Project Details
- Project Name
- San Diego Residence
- Location
-
CA ,United States
- Architect
- Robert M. Gurney, FAIA
- Project Types
- Custom
- Project Scope
- New Construction
- Size
- 6,200 sq. feet
- Awards
- 2005 Custom Home Design Awards
- Shared by
- Editor
- Consultants
-
Jonathan Segal,Jonathan Segal,Steven Simpson
- Project Status
- Built
- Cost
- $1,209,000
- Room or Space
- Outdoor
Project Description
2005 CHDA
Custom Home More Than 5,000 Square Feet / Grand Award
Hard cases make bad law, or so it is said in the halls of justice. In the field of architecture, on the other hand, the opposite may be closer to the truth.
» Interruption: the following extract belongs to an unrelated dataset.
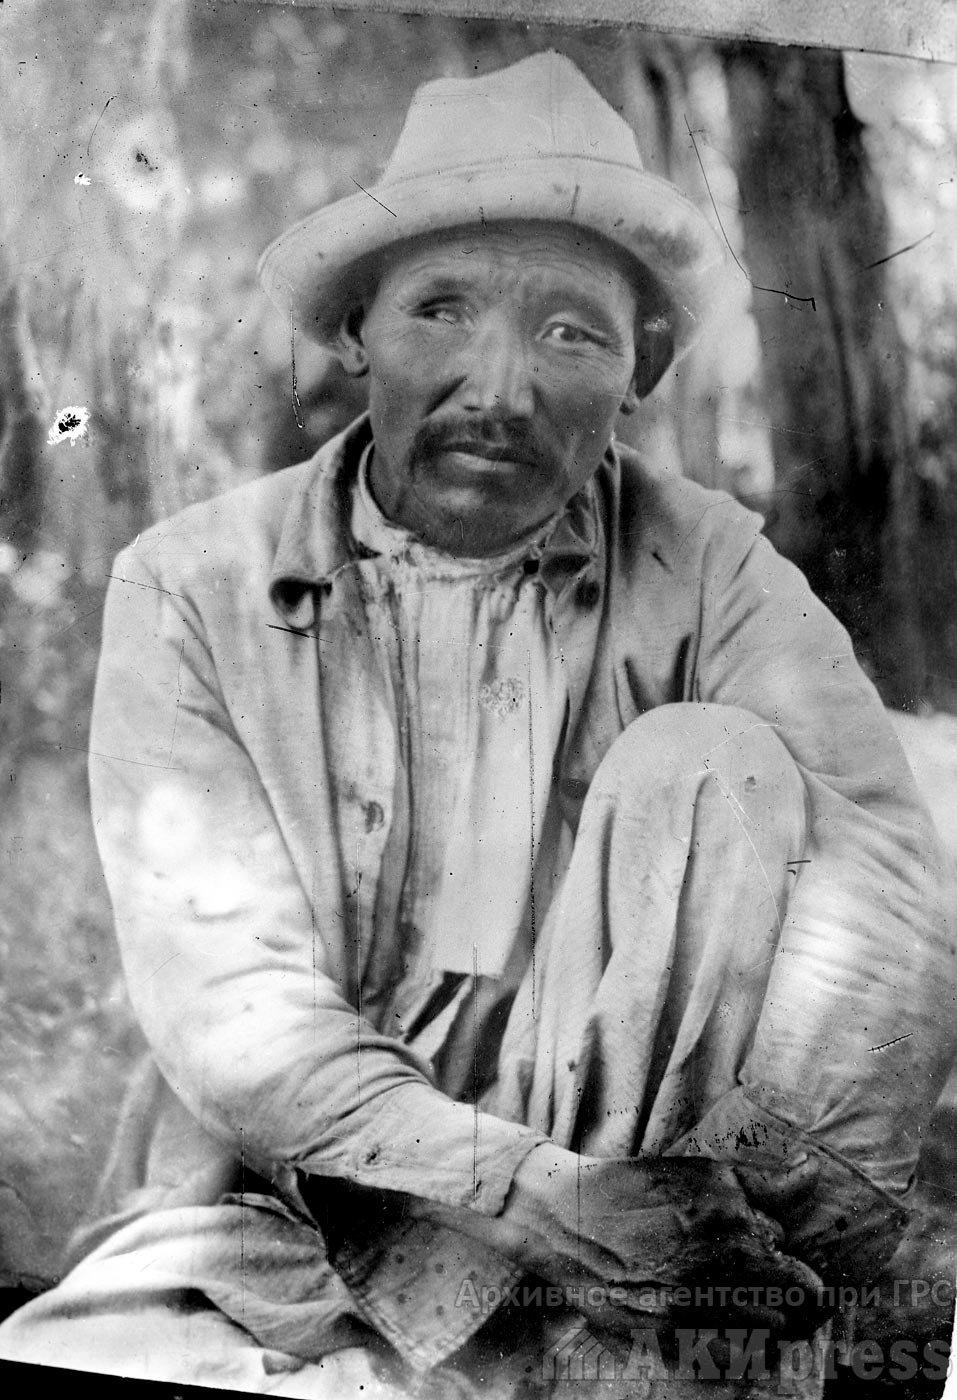 Кыргызы во время восстания 1916 года. Госархив / АКИpress

Because they make commonplace solutions impossible, it is the most difficult sites that drive architects and builders—those with the guts to tackle them—toward new and imaginative approaches. Architect Jonathan Segal surely showed guts in choosing this spot on which to build his own home and place of business. The site of an abandoned gas station, the lot featured a “strange, triangular, postage-stamp footprint,” he says, “horrendous” setbacks, and heavy car traffic only inches away. But despite such challenges—or, perhaps, because of them—Segal's solution left our judges smiling and nodding in approval.
To mitigate traffic noise Segal wrapped the north side of the building complex, where he located guest quarters and a lap pool, with an unbroken 9-foot-high wall faced with Cor-Ten steel. To the south, where the lot borders a quiet residential street, a solid 9-foot hedge encloses a private garden. By means of nesting glass doors, the ground-floor great room opens almost entirely to the lap pool on one side and the garden on the other. Isolated from the world outside, indoor spaces spill out into these protected outdoor zones. Atop the main level, a plaster-clad box contains two additional floors of bedrooms and private living spaces, which take in more distant views.
Limited by code to 4,200 square feet of above-grade building area, Segal dug out space for his five-person architecture firm at the basement level (removal of the existing gasoline tanks would have required extensive excavation in any case). Like other limitations imposed by the site, this seeming compromise led the designer in an unconventional but ultimately fruitful direction. By extending the basement level beyond the footprint of the floors above, Segal opened a path for daylight, which pours in through a 10-foot-by-40-foot steel-framed glass roof. Engineered as a deck—“It's 1 1/8 inches thick; you can actually drive a car on it,” Segal notes—the roof doubles as a covered patio at ground level.
Segal played down the building's complexity by limiting his schedule of finish materials. Plaster walls, inside and out, and concrete floors give the structure a monolithic feeling. But broad planes of hardwood-veneer plywood at the ceilings and in the flush walls of cabinetry, along with mahogany flooring and windows at the upper levels, warm the interior. “People are surprised when they come into the house,” Segal says. “They expect it to be cold and sterile.” Whatever our judges expected when they first encountered this house, further inspection gave them only more to admire. One likened it to “[Ludwig Mies van der Rohe's] Barcelona Pavilion, inside out.” Another noted that Segal had “made his own world—in the middle of Southern California traffic.”